Entry for October 29, 2006
Why does things like this happen?

I just met the greatest guy ever, he’s charming, funny, smart, down to earth, and a priest. That’s right, He has devoted himself to his spiritual belief. He has in the last 8 months become my closest friend and I thought even husband material until I found out two days ago he has become a priest.

Why do the Goddess/God laugh at me this way? I thought I would never fall in love again after my ex left me, and just when I gave up I met this guy. Now I find out I can not have him.



Entry for July 17, 2006
So I have come now to my crossroads where I am saying, I want more! I hate, just hate the city I am in. Its the same city I have lived my whole life. Eventhough I have a diploma from college 10 years ago, the area I took doesnt really exist anymore, and have been outright laughed at for the college I went to. Was told a few years ago that the only thing that diploma is good for is maybe getting me past the entrence exam without having to take it. Great, thanks alot for the info. I dont really know what I want to do with the remainder of my life, other then I want to have a family of my own, and a house. So have been looking into university courses. There are three schools that I am considering applying to for the 2007 or 2008 fall. One in Montreal, one in Edmonton, and one in Vancouver. They all offer the same course -all listed under different names go figure- but the one in Vancouver also offers a second course that I wouldnt mind taking. Just not too sure how I feel about Vancouver. I have to ask myself why go back to school? My answers seem almost mundane. 1) It seems to be the thing one is suppose to do when trying to change one’s life. 2) It seems like an easy way to get out of this city, giving me a reason and location. 3) This time I would take a course that would lead to something more then just a diploma. 4) I would meet new fresh people . So that is where my turn has taken me on my path at the moment, and I am guessing its something I should be strongly considering, otherwise I wouldnt have come back to the thought so much in the last few months.
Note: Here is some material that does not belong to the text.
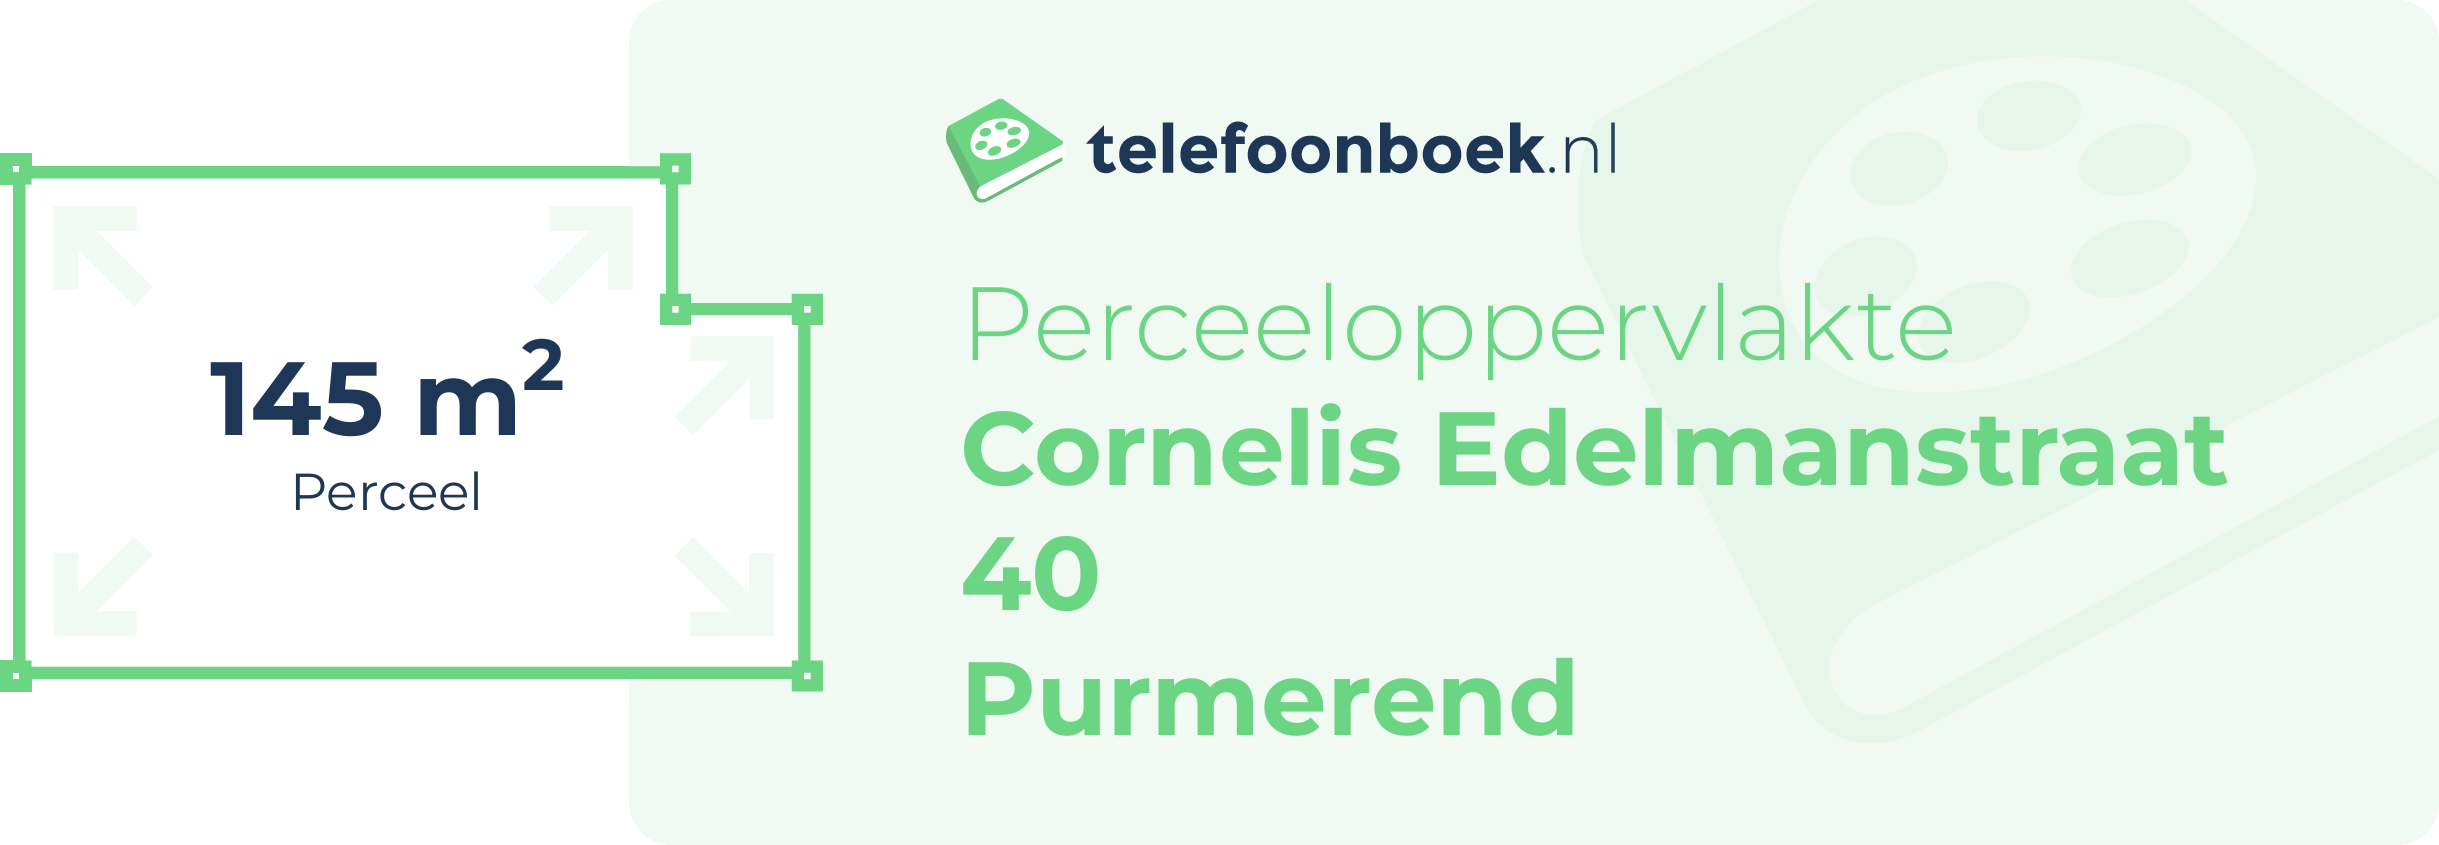 Perceeloppervlakte Cornelis Edelmanstraat 40 Purmerend

{December 4, 2006}   WHAT?

So I wanted something in pink, not too sure why. I think I tryed on almost all of these blogskins. Am I happy with this one? Not sure just yet. Maybe.
Okay so the point to all this is, I have been asking myself what would make a great blog? Not just a good one, but a great one. And I find myself coming back to the basics (women’s issues, gossip) and thought why not do one like that myself. I have been working on some of the company blogs (hardcore Vamps Prods.,) but was not feeling it as being comfortably mine to put my own stamp on so here we go. Who knows, if this goes the way I am hopeing, I might get rid of some of them and make it all one.
So your asking what makes me different from every other blog out there? Nothing. And there is nothing stopping you from flipping right past me either. Anyways that is all for the introduction. Smile!